Archive | December 18, 2014

How Santa Got His Job

How Santa Got His Job

How Santa Got His Job

 

 

 

 

 

 

 

 

How Santa Got His Job

Stephen Krensky

S.D. Schindler

Simon & Schuster, 1998

hbk., 32pp., 

978068806971

 

Santa Claus did not come into the world with his trademark red suit and curly white beard.  He wasn’t always jolly and overweight, full of love and good cheer.  When he was a young man he went looking for a job, but it had to be an outdoor job, not one that kept him stuck behind a desk in an office.  

At first he tried cleaning chimneys but he was so neat and clean that no one believed he had done any work.

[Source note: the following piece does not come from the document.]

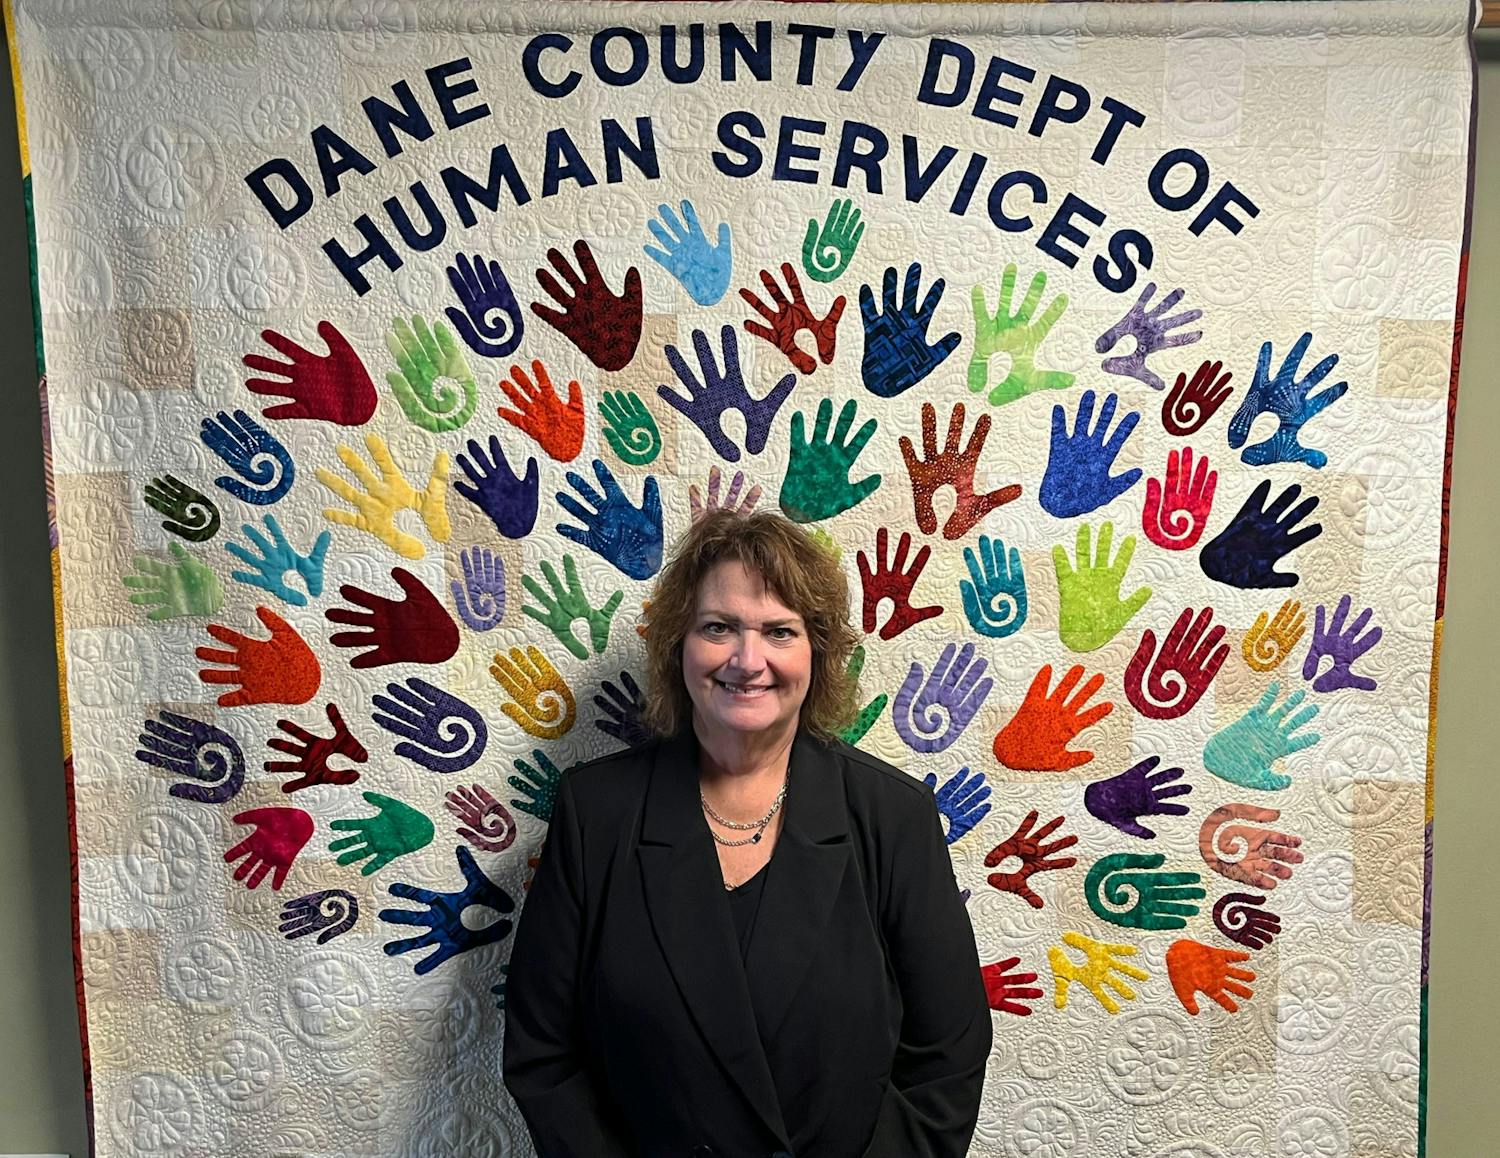 Dane County Dept of Human Services.jpg

Then he tried working for the post office but the traffic snarls frustrated him so he started delivering packages at night – but people did not like to be woken then and complained.

And so it went on – each job he tried had its pitfalls and problems until one day, after being fired from the circus he meet some elves who are toymakers and Santa’s perfect career was born.

This is an amusing twist on the more traditional story of Santa Claus but totally believable if you are Miss 3 who just adores it.  An internet search shows that it has great appeal for older kids as well as it forms the basis of many lessons about “Why do we need a job?” as well as cause and effect and sequencing, but my little ones like it because it’s funny and it helps them make sense of this Santa-thing and they enjoy Christmas even more.  The illustrations are very detailed and are an integral part of the story.  Schindler has taken Krensky’s words and brought them to life, each working with the other in the way perfect picture books should.  Setting some of them against a background of Help Wanted advertisements shows the thought that has gone into them.

This is another of those stories that I have from many years ago and which I’ve kept to share with the grandchildren so they are now family favourites.